(TASK OBJECTIVE)
Reproduce the listing below in full and exactly; no pictures belong in the copy.

(PROVIDED DATA)
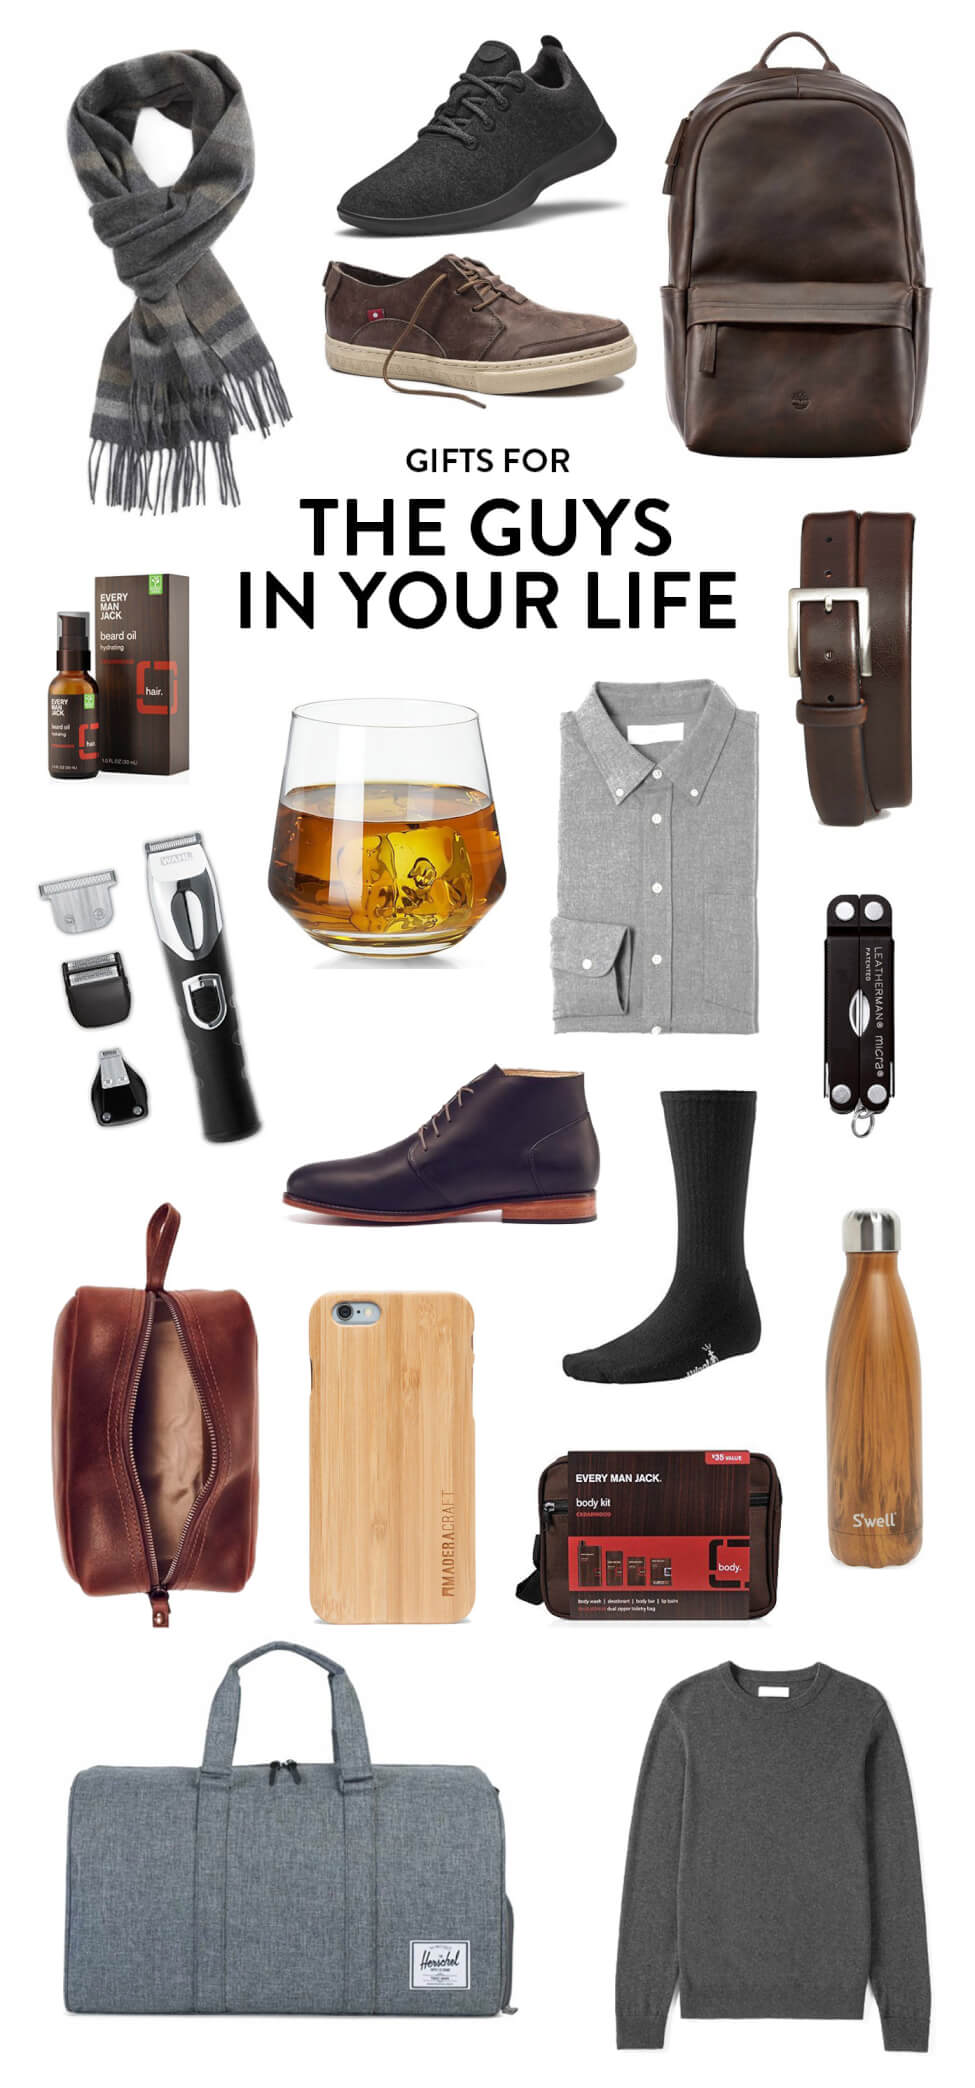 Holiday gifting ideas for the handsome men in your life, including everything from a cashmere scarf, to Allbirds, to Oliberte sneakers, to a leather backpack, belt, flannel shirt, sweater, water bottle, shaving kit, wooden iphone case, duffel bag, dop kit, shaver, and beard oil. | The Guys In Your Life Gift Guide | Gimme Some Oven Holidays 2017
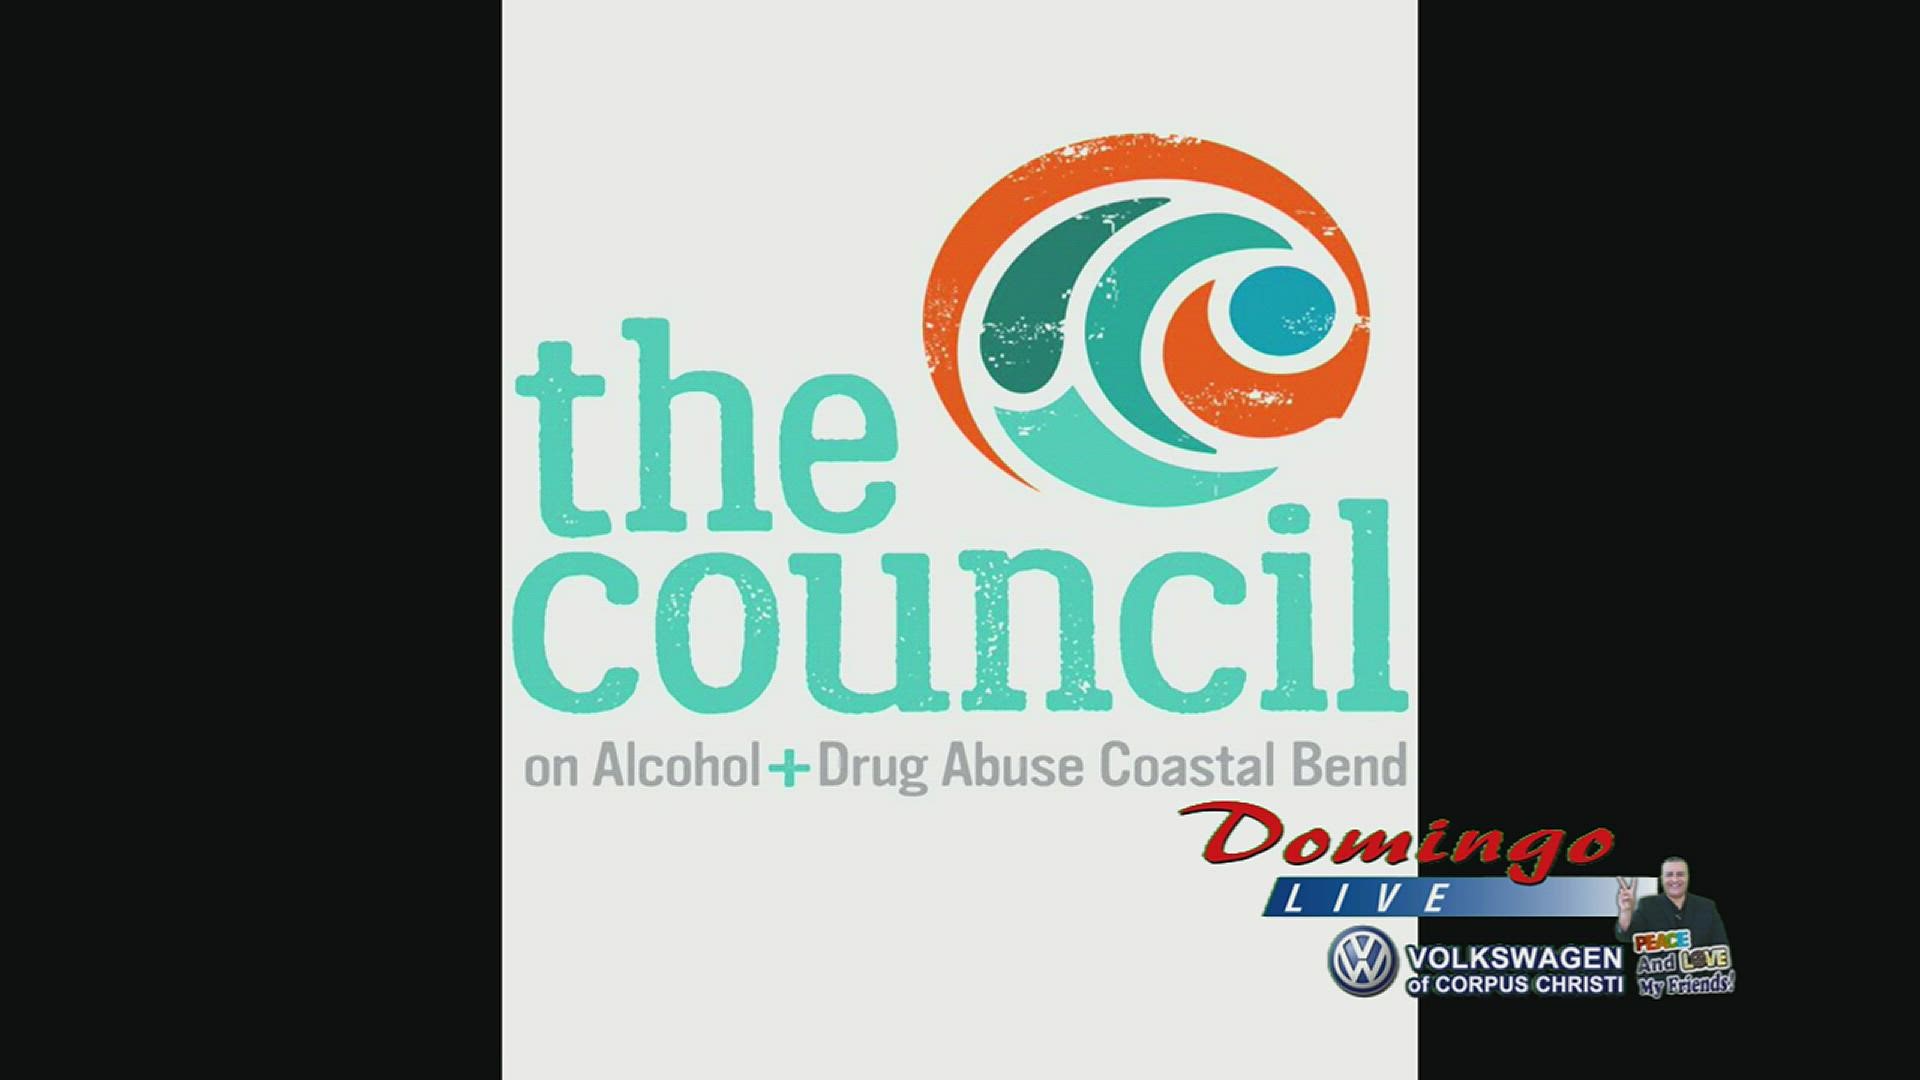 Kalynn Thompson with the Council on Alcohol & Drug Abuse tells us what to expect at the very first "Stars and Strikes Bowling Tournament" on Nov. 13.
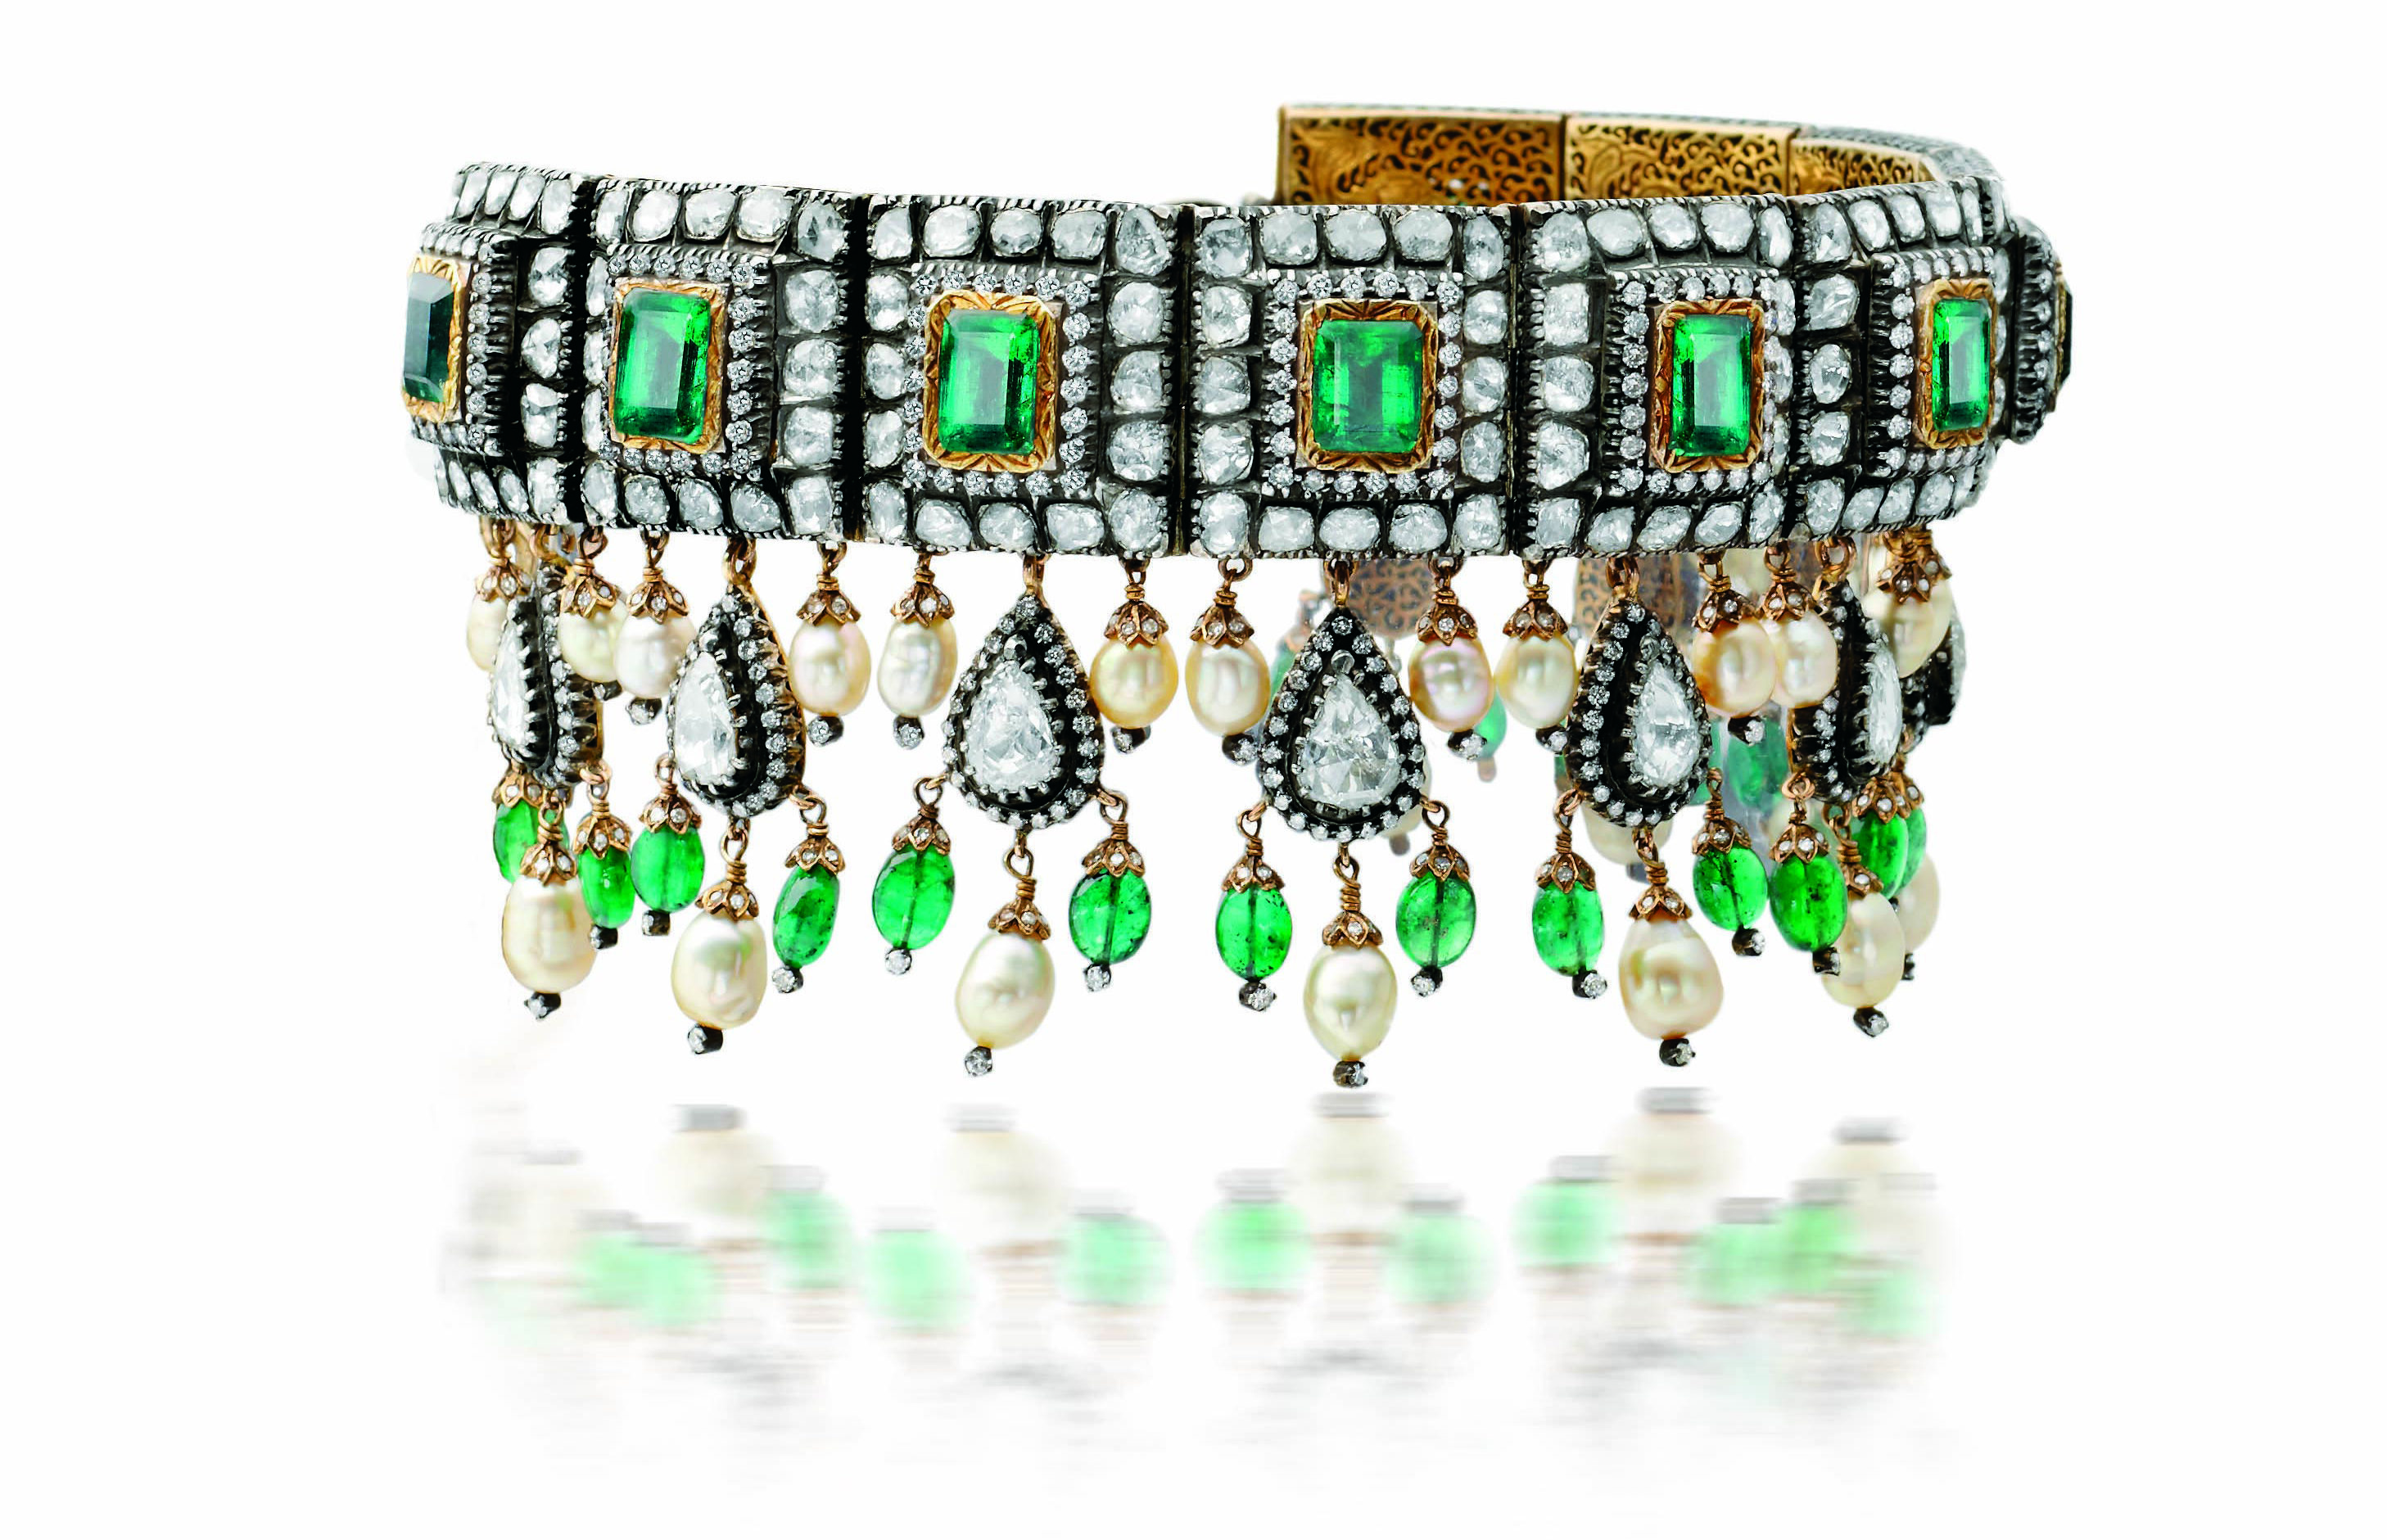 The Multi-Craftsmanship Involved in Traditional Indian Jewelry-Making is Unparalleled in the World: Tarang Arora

(RESPONSE BOX)
 Holiday gifting ideas for the handsome men in your life, including everything from a cashmere scarf, to Allbirds, to Oliberte sneakers, to a leather backpack, belt, flannel shirt, sweater, water bottle, shaving kit, wooden iphone case, duffel bag, dop kit, shaver, and beard oil. | The Guys In Your Life Gift Guide | Gimme Some Oven Holidays 2017
 Kalynn Thompson with the Council on Alcohol & Drug Abuse tells us what to expect at the very first "Stars and Strikes Bowling Tournament" on Nov. 13.
 The Multi-Craftsmanship Involved in Traditional Indian Jewelry-Making is Unparalleled in the World: Tarang Arora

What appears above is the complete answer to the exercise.